The Barony Course was designed by George W. Cobb in the early 1960s and was one of the first courses on Hilton Head Island. From the tee box, many of the holes appear to be relatively open, but as you approach the newly resurfaced Bermuda greens, the real challenge becomes clear. The greens are generous and protected by thick, rough and unforgiving bunkers, entitling the golfer to have good touch with mid- to short-range iron shots. This is a course where accuracy, not length, is paramount.
Holes: 18 | Par: 72
Architect: George Cobb
General Manager: Rick Shoemaker
Head Golf Professional: Ben Smith
This short par 4 is a good warm-up hole. A long drive could bring the lagoon on the left into play, so go with a fairway wood or long iron for a short- to mid-iron approach shot. The green slopes from back to front and is guarded by three bunkers.
Barony's first par 3 features a large, slightly elevated green. Pay attention to the pin position and avoid the large bunker short and left. Again, the green slopes from back to front.
Long hitters can reach this dogleg left par 5 in two, but must hit an accurate tee shot over the left corner of the fairway. Shots missed left bring the trees into play. The wise strategy is a fairway wood off the tee, a short iron lay-up and a short approach.
An accurate tee shot is essential on this medium-length par 4. You must carry the water, avoid the trees on the left and the out of bounds right. The uphill approach shot must negotiate two bunkers that front this green that slopes from back to front.
Going with driver on this short par 4 may bring the lagoon on the left into play. A large bunker also guards the right side of the landing area. Opting for a fairway wood or long iron from the tee will leave a short-iron approach shot to this well-guarded green.
This medium-length par 3 features a difficult green guarded by several bunkers. The putting surface slopes toward the front right corner, so pay close attention to the pin location and play your tee shot accordingly.
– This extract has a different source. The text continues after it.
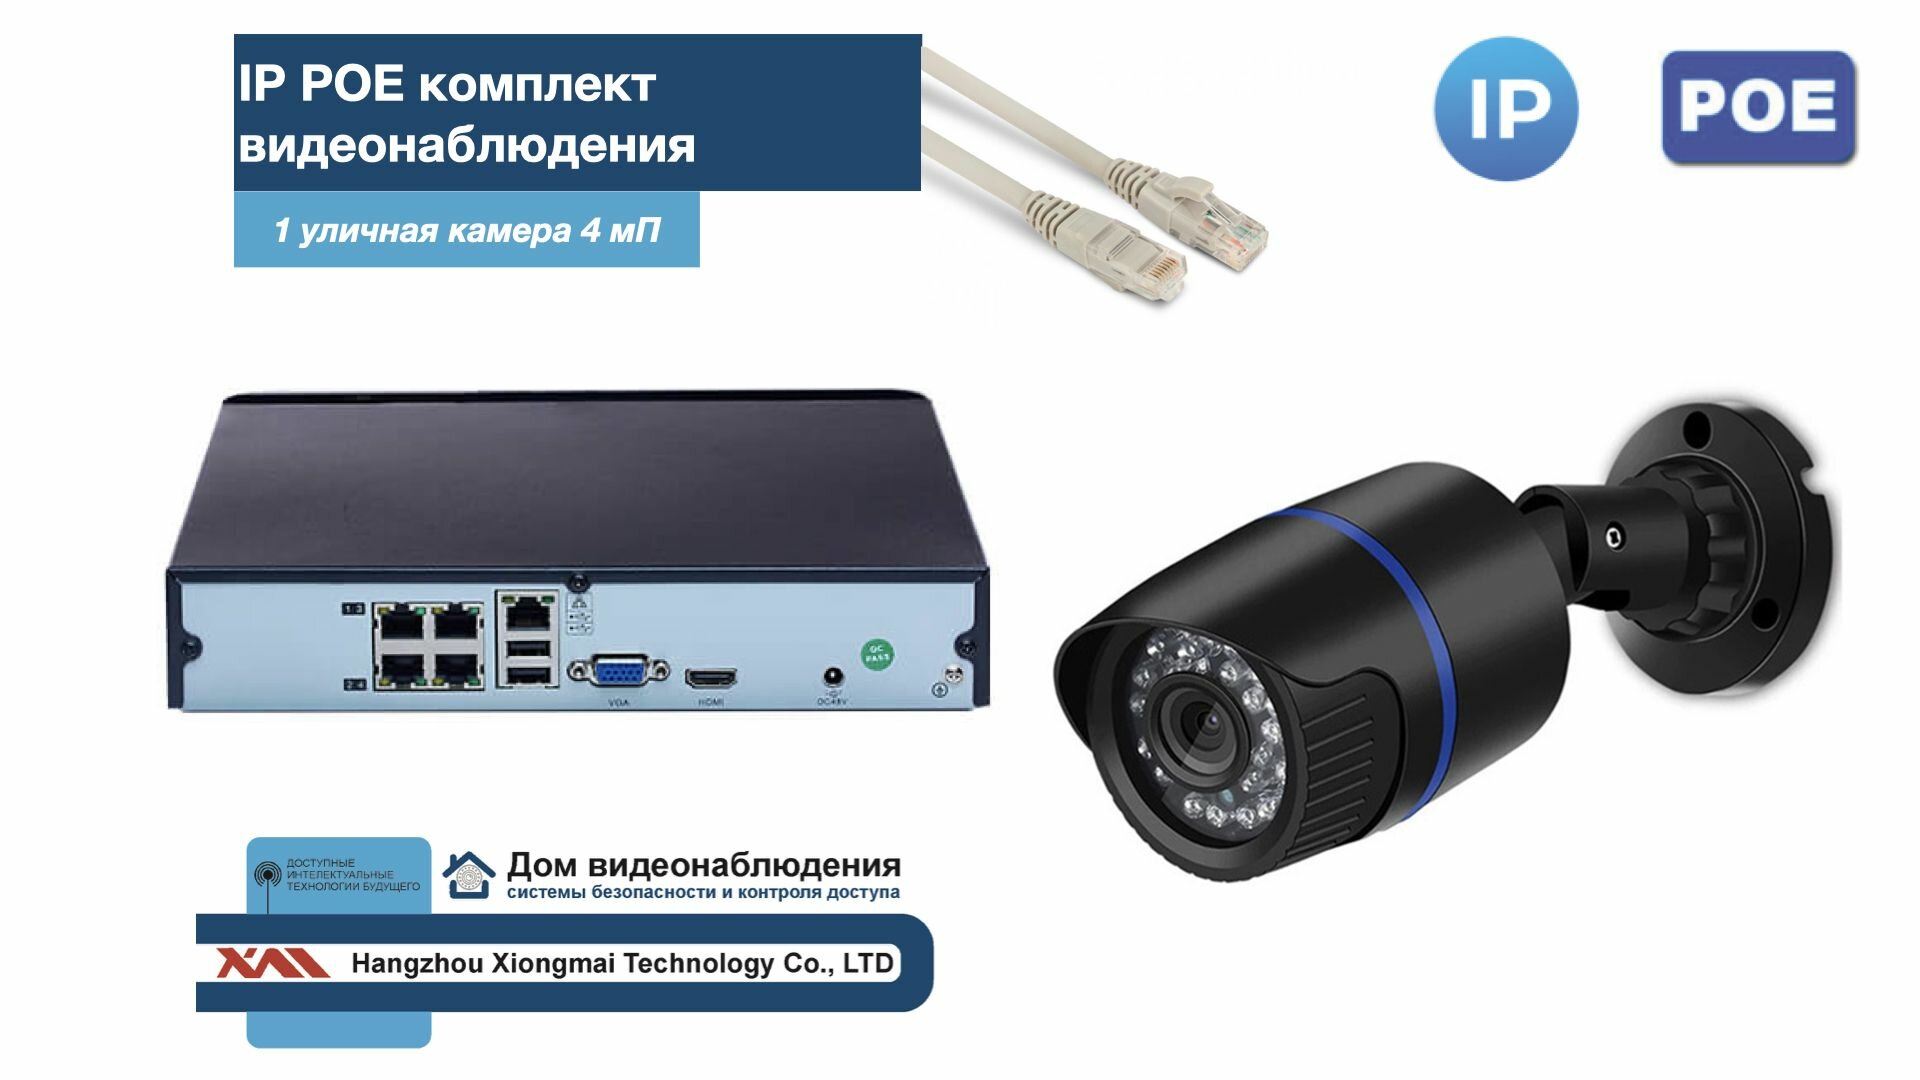 Полный IP POE комплект видеонаблюдения на 1 камеру (KIT1IPPOE100B4MP-2)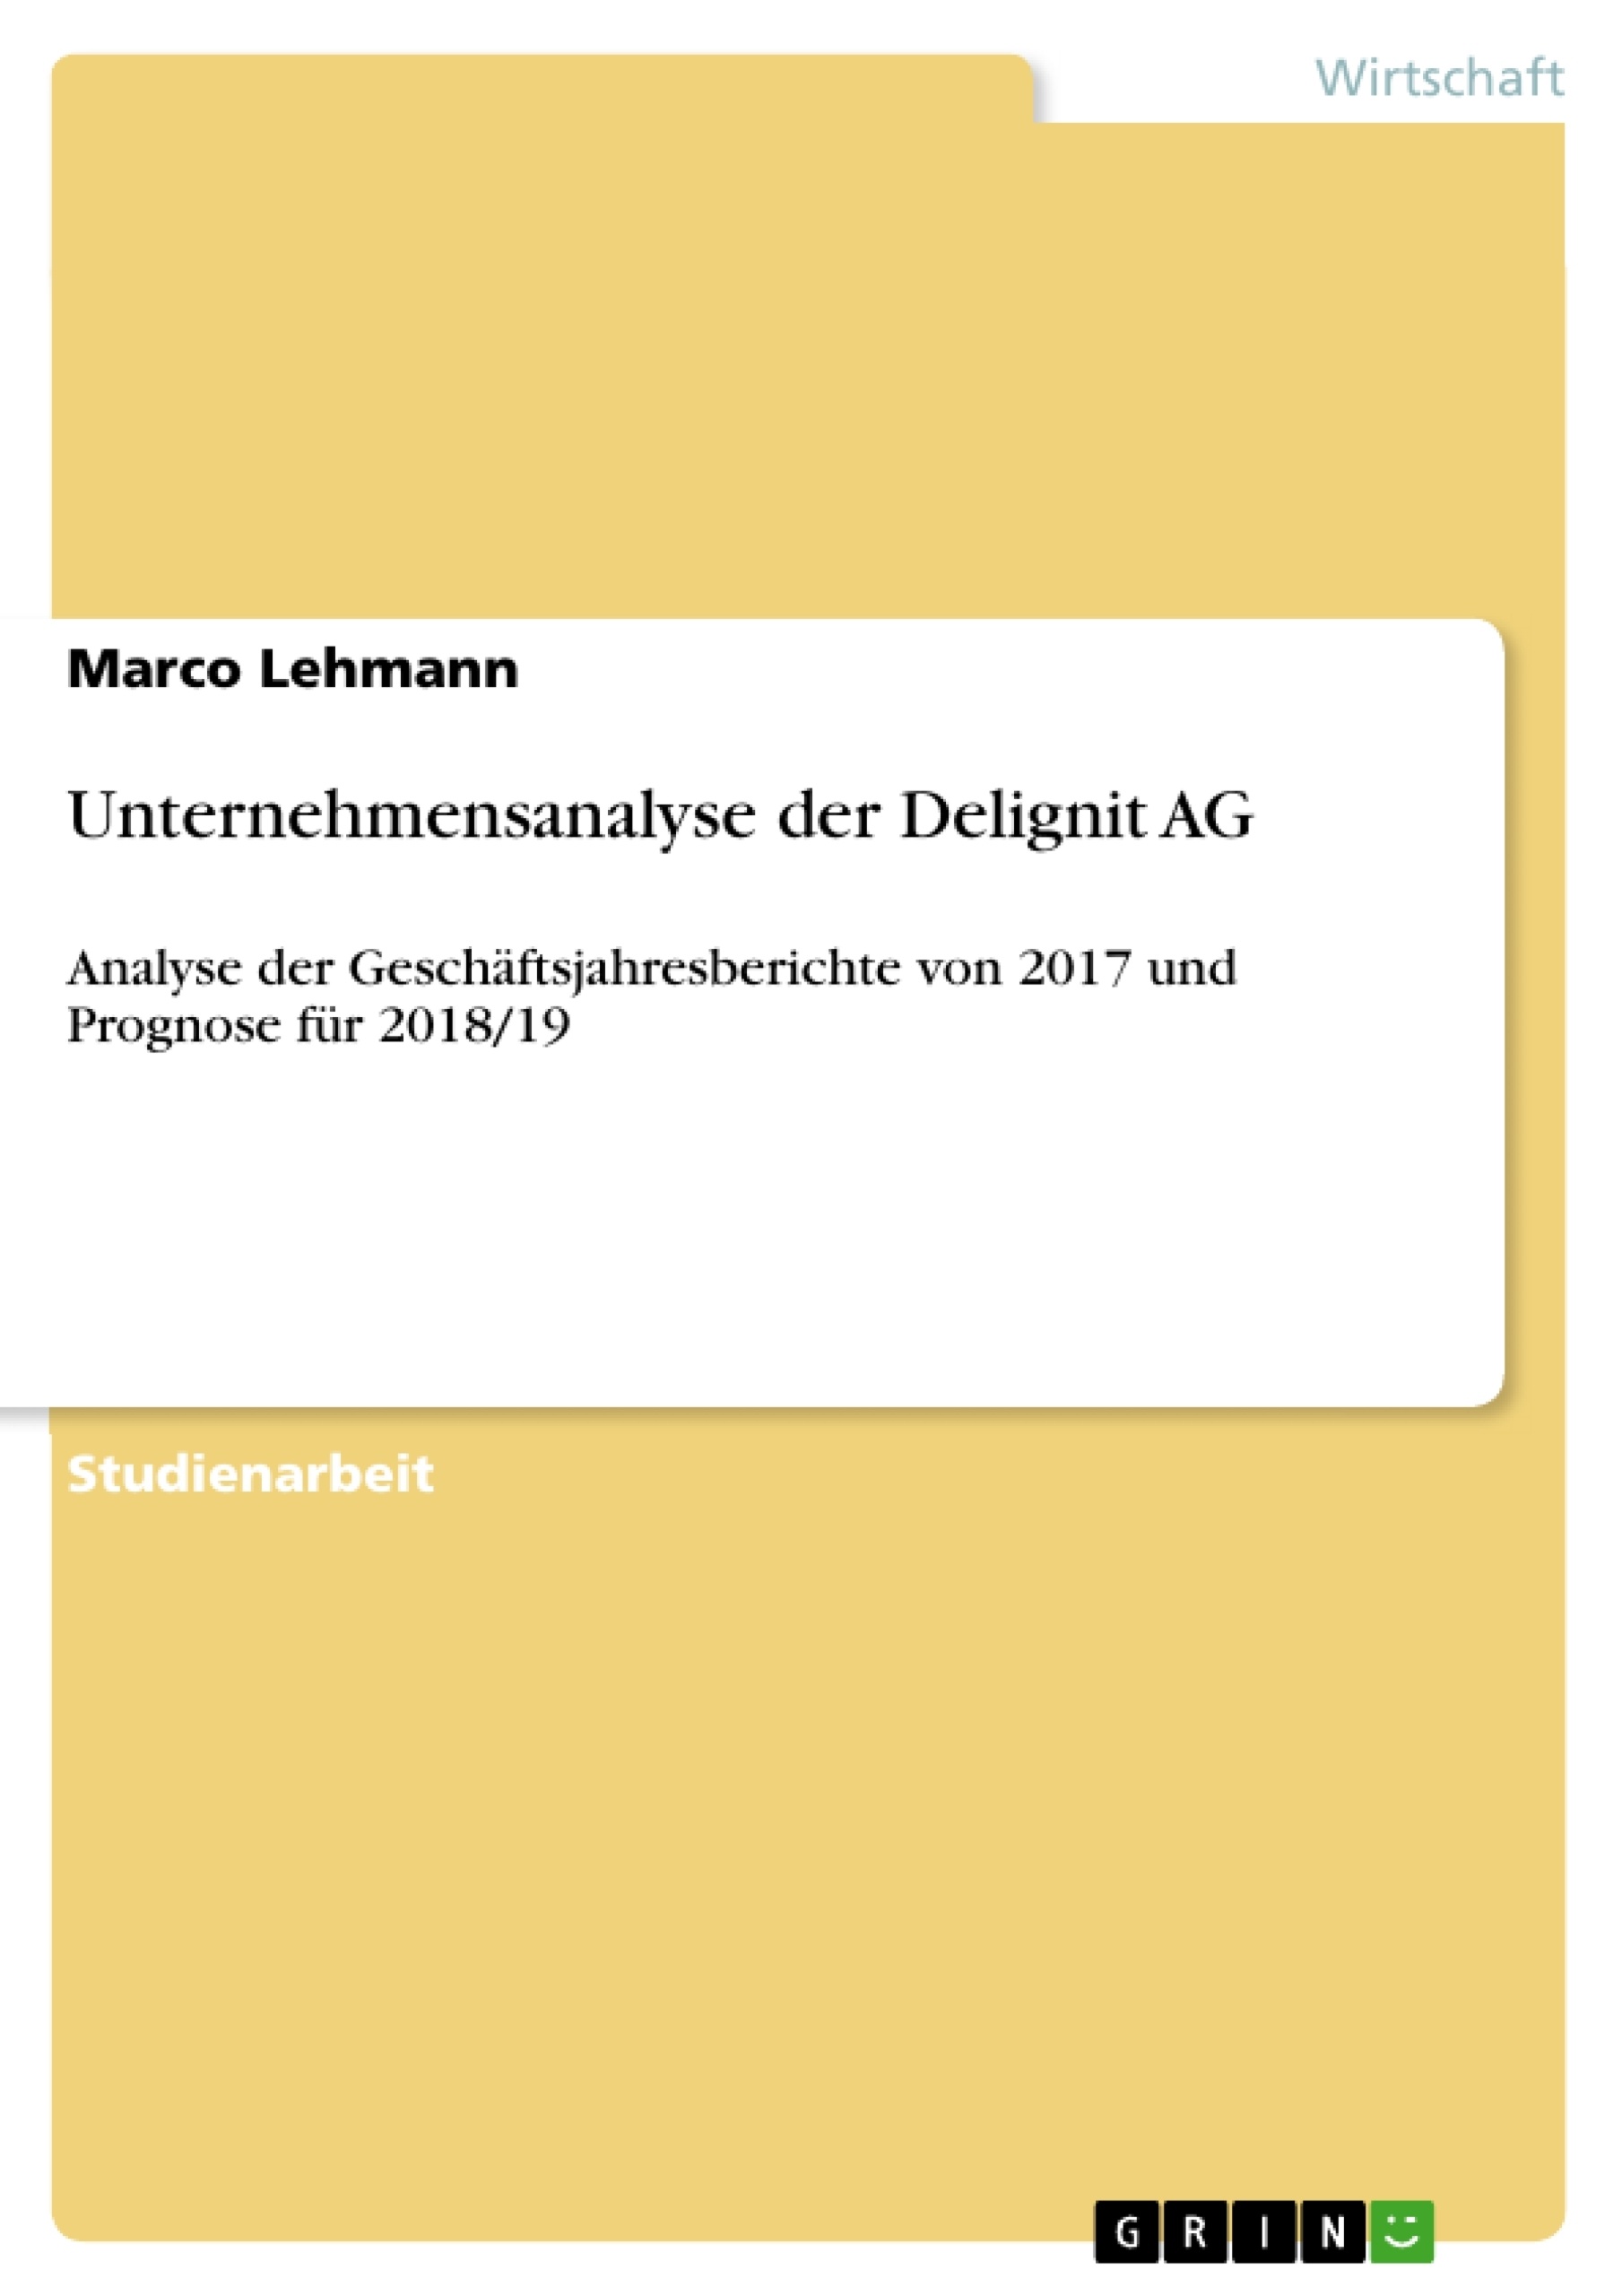 Title: Unternehmensanalyse der Delignit AG

Favor the right side of the fairway on this dogleg left. Tee shots hit too far left will be blocked by trees. A fairway wood off the tee will leave a short- to mid-iron approach to a large, fairly flat green surrounded by bunkers.
On this dogleg left par 4, two fairway bunkers await tee shots that stray long and right. Once again, a fairway wood or long iron from the tee is probably the best play. Note the pin position on this deep green before making your approach shot club selection.
This is a true three-shot par 5. Fairway bunkers and a lagoon will catch errant drives to the right, so favor the left side from the tee. Second shots should be right of center for an open approach to a large green framed by bunkers.
Accuracy is essential on this short, dogleg left par 4. The fairway is guarded by water down the left side and bunkers on the right. A long iron or fairway wood from the tee will leave a short iron approach to a tricky green.
Only the longest hitters can reach this long par 5 in two. Favor the right side off the tee and be careful of the creek that crosses the fairway at the 150-yard mark. Approach shots that miss left can bring the trees into play. The well-guarded green falls off on three sides.
This is the longest par 4 on the course, usually made longer because it plays into the prevailing wind. Do not miss to the right off the tee. Play your approach shot safely to the center of the fairly flat green to avoid the bunkers.
This dogleg left par 4 requires accuracy from the tee. There is water down either side of the fairway and large bunkers will catch drives that are too long. Pay attention to the pin location on this two-tiered green.
This short par 3 is more difficult than it looks. Make sure you take enough club to carry the lagoon. A "good" miss will be to the left. This green slopes from back left to front right toward the water.
This par 5, especially when playing downwind, can be reached in two. Favor the right side from the tee to avoid being blocked out by the palm tree in the left center of the fairway. The well-bunkered green slopes severely from back to front.
Hole #16 is the longest par 3 on the course and is best played with a shot to the center of the green. The back-to-front slope of the putting surface makes this hole even more difficult.
This gentle dogleg left gives you a large fairway to work with. Long hitters can make the hole shorter by favoring the left side of the fairway. Watch out for the water all along the left side of the hole, but especially long and left of the green.
The finishing hole features a wide fairway with room to miss to the right. Watch out for the two bunkers guarding the left side of the landing area. The green, like most on the course, is guarded by several large bunkers. Shots that miss left will fall off into a collection area.